With the validation of the Programs Department, the project team (composed of its pilot and the L&T Development team) has retained the proposal forOBEA – previously intervened to develop the Catal'IA online training for AUDENCIA collaborators – to support them in this development. The firm was thus able to quickly adapt the content and tone to suit the interests of the students.
A training program based on a hybrid format and active pedagogy
The first two modules on the discovery of AI and prompting were developed in a self-supporting online format, with a set of interactive activities to keep the students' attention. These modules allowed to give the basics while preparing the last two modules done in person.
Having trainers, from the company, who challenge students live on their critical thinking, on the relevance of using IAg or not, on how to integrate it into their learning was an essential part of the chosen pedagogy. Many small group activities have been developed, close to their concerns.
Overall assessment of the experimentation on the Bachelor cohort
It was interesting to see at the beginning of training, in the "profiler" developed by OBEA, where their uses were located
The students generally appreciated the course in its first version: they appreciated the activities, asking for even more (chatbots...). One of them was particularly appreciated, the construction of a chatbot allowing to help fictional characters with learning difficulties and/or marked learning preferences.
Also appreciated were the examples given by the trainers around the transformation that the IAg brings to the company. They were able to provide a very concrete form of field testimony. Moreover, students expect a lot of sharing with professionals around these transformation topics.

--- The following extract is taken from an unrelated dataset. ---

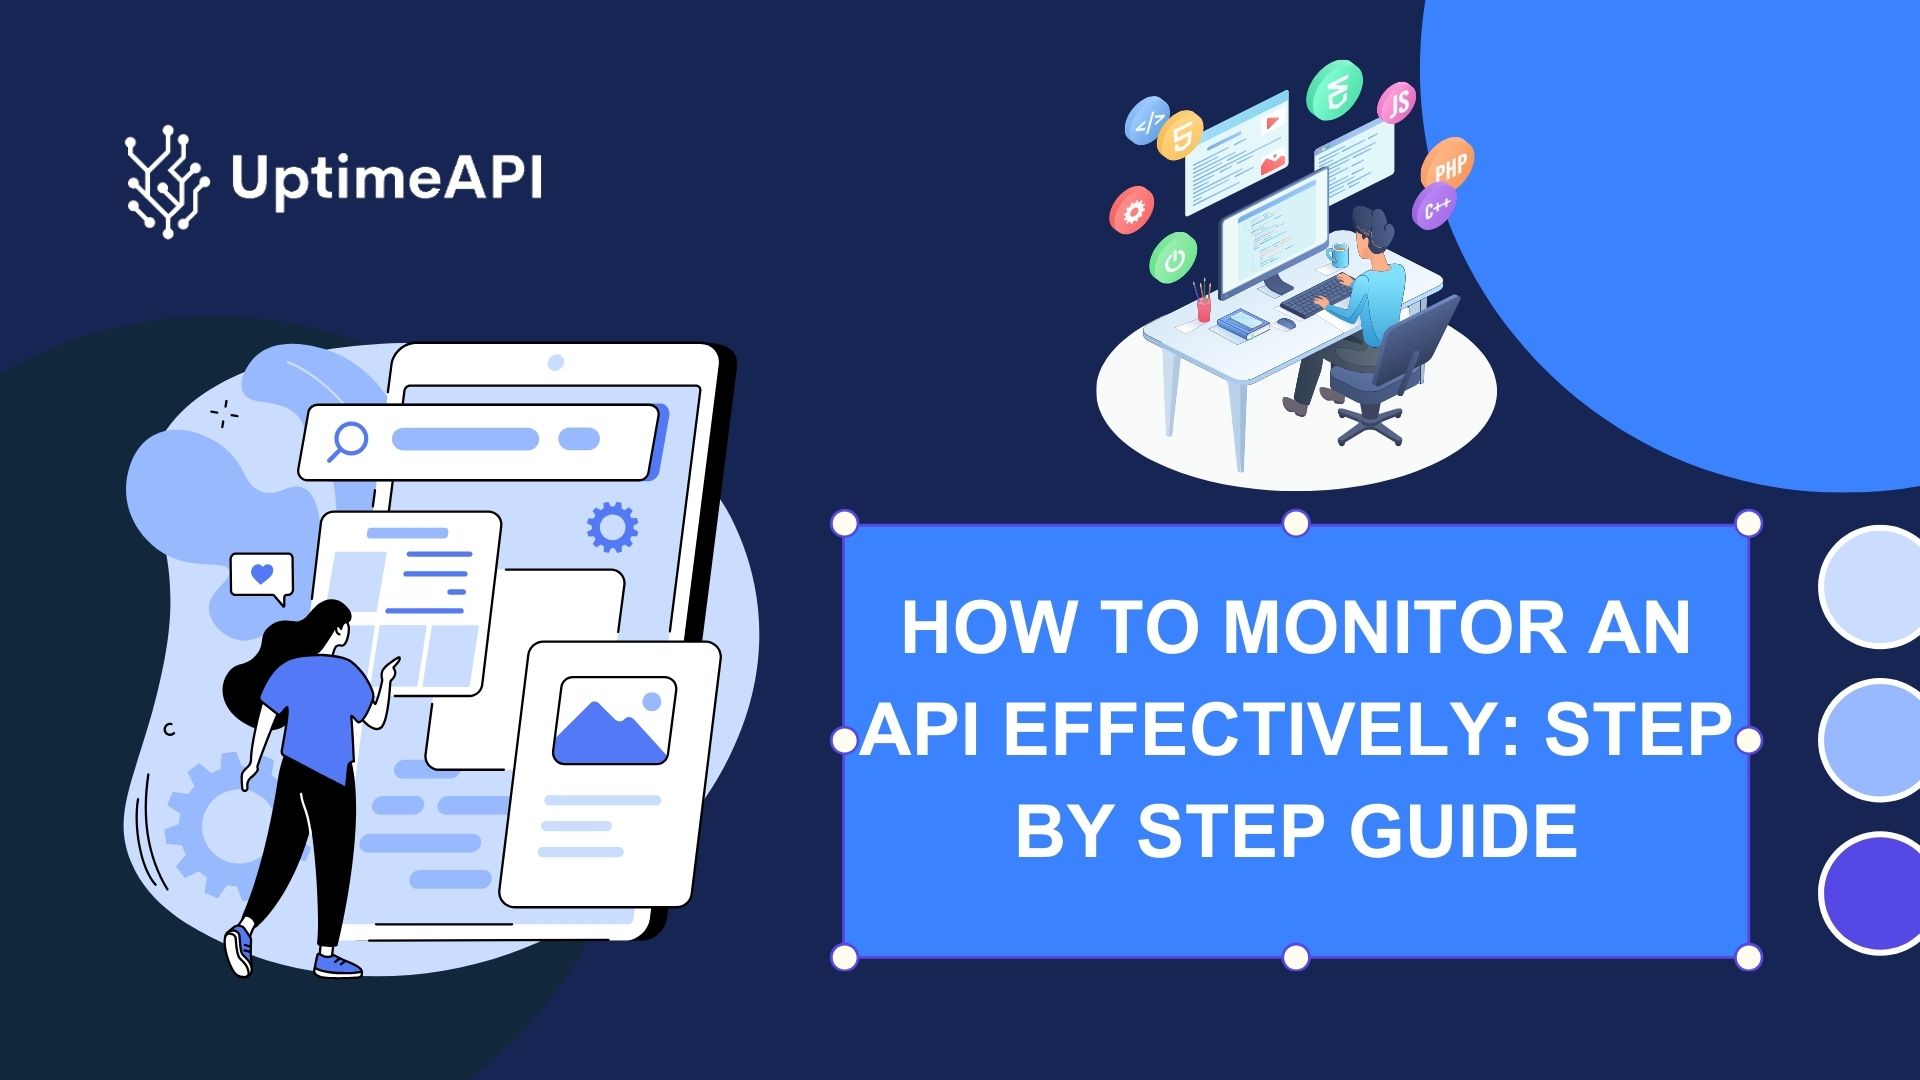 How To Monitor An API Effectively: Step By Step Guide

These results, to be cross-checked with those of the PGE cohort at the beginning of 2026, should be anchored throughout their schooling in their learning experience, guided by their teachers, to allow them to put the IAg back in its place: a useful assistant, but to be constantly monitored!

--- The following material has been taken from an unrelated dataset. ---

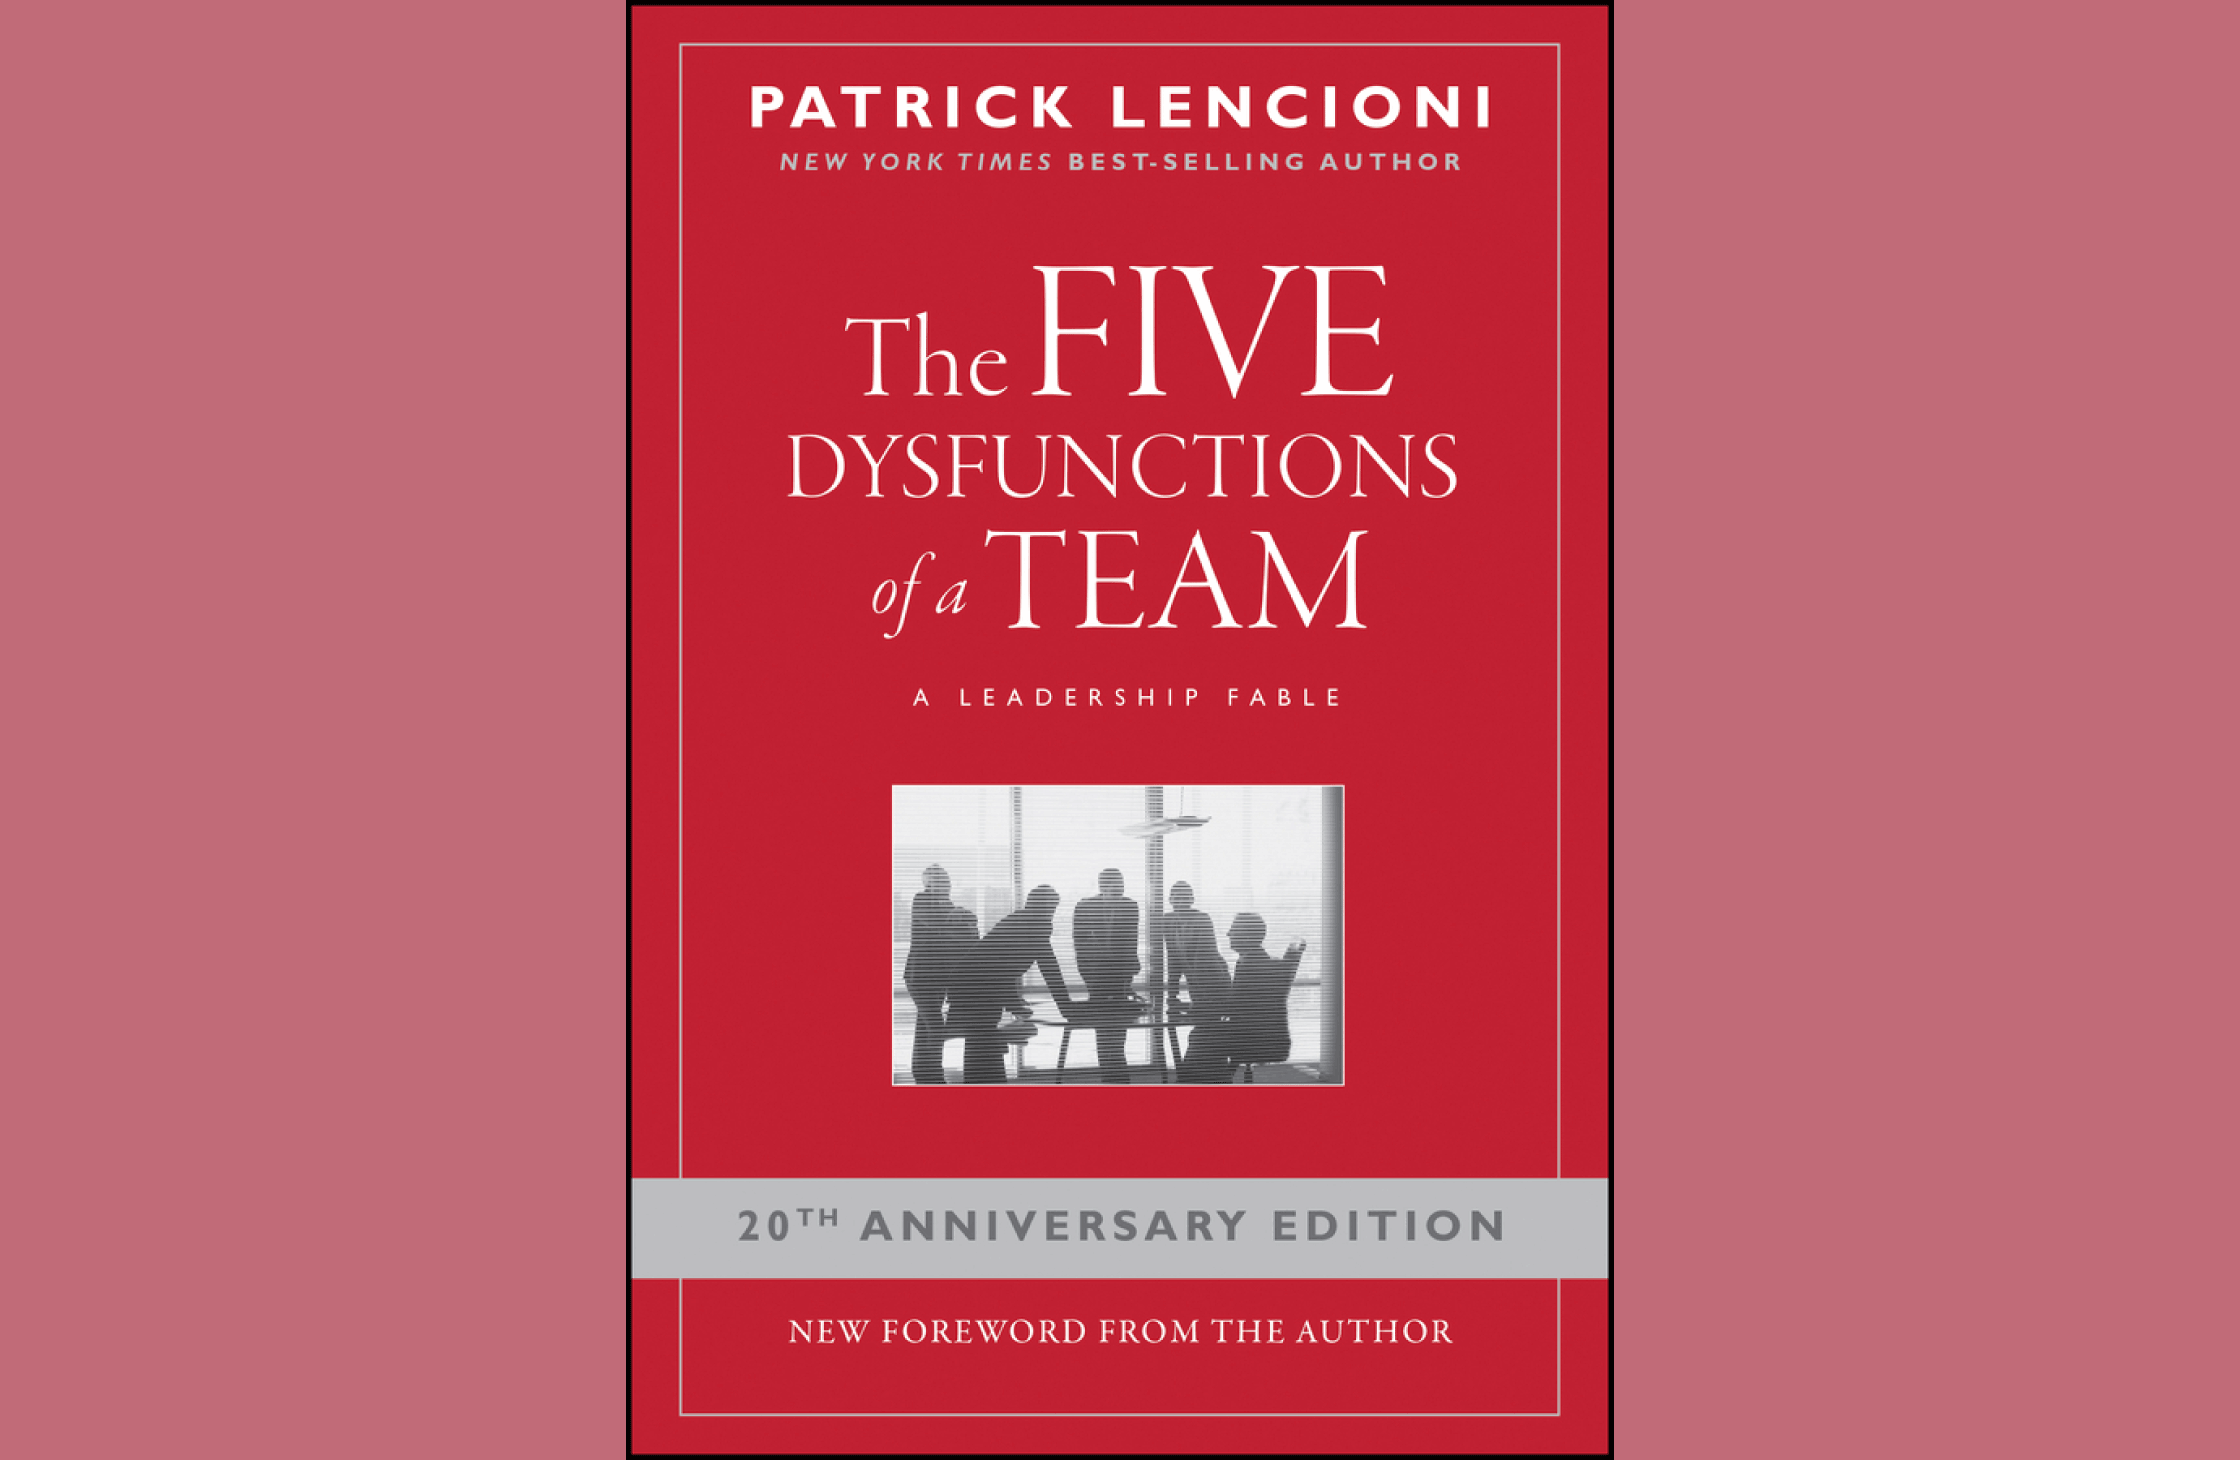 Summary: The Five Dysfunctions of a Team: A Leadership Fable by Patrick M. Lencioni

Testimonials and feedback from the facilitators
The feedback from the facilitators converges on a very positive observation: the students showed themselves very interested and have particularly appreciated the concrete and practical approach of the device. Several speakers even describe a real trigger during the session : over the activities, students become clearly more aware of the risks, the limits and the need to verify the sources.

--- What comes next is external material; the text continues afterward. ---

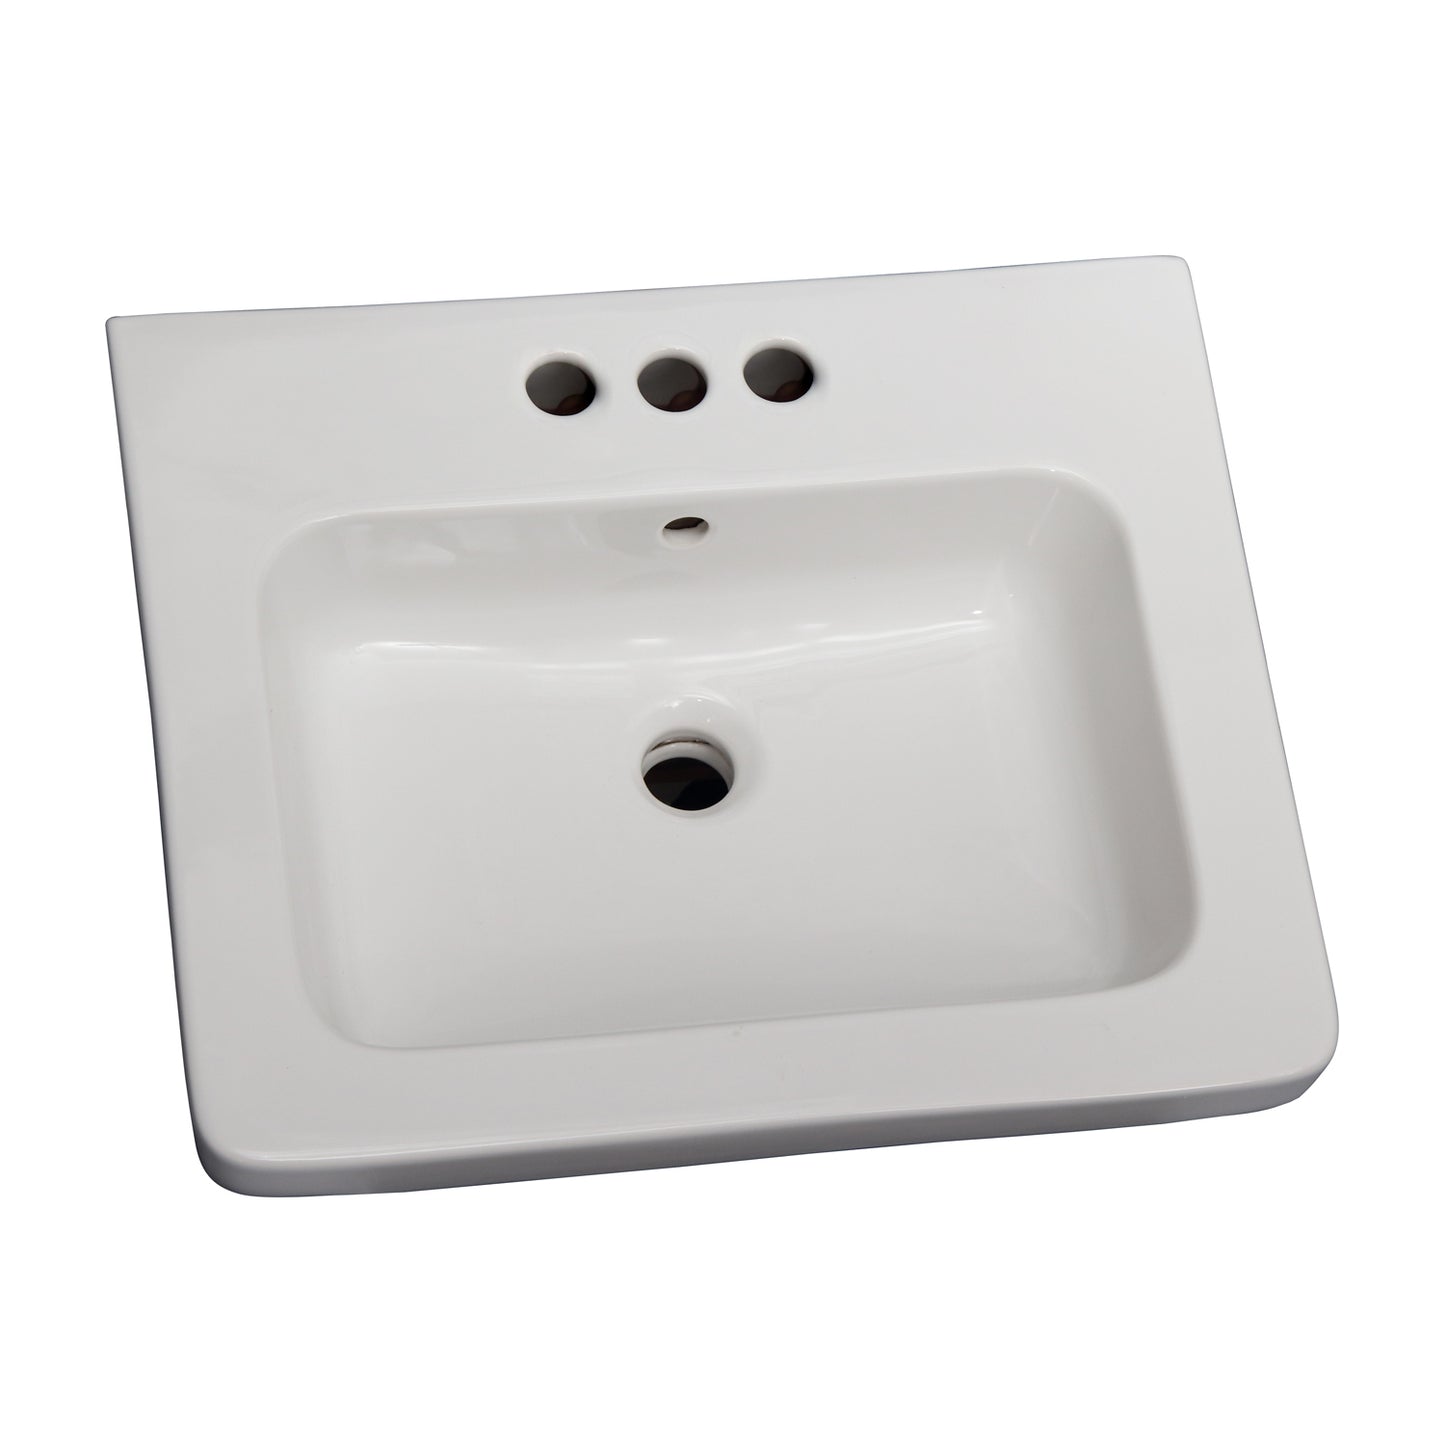 Resort 500 Wall Hung Bathroom Sink White For 4" Centerset Faucet

In mirror, the expressed improvement tracks are consistent with student feedback: more time to practice (prompting, techniques, chatbots), more activities and of playful/collaborative formats, and the desire to go further on some advanced uses (e.g. AI agents) while strengthening the links with the professional world (business case, exchanges on business practices, follow-up sessions to stay updated).
These first quantitative and qualitative results are also reflected in the numerous testimonies shared by the speakers and the teaching team. They illustrate the commitment of students, the richness of exchanges and the diversity of pedagogical approaches implemented in AI4ALL.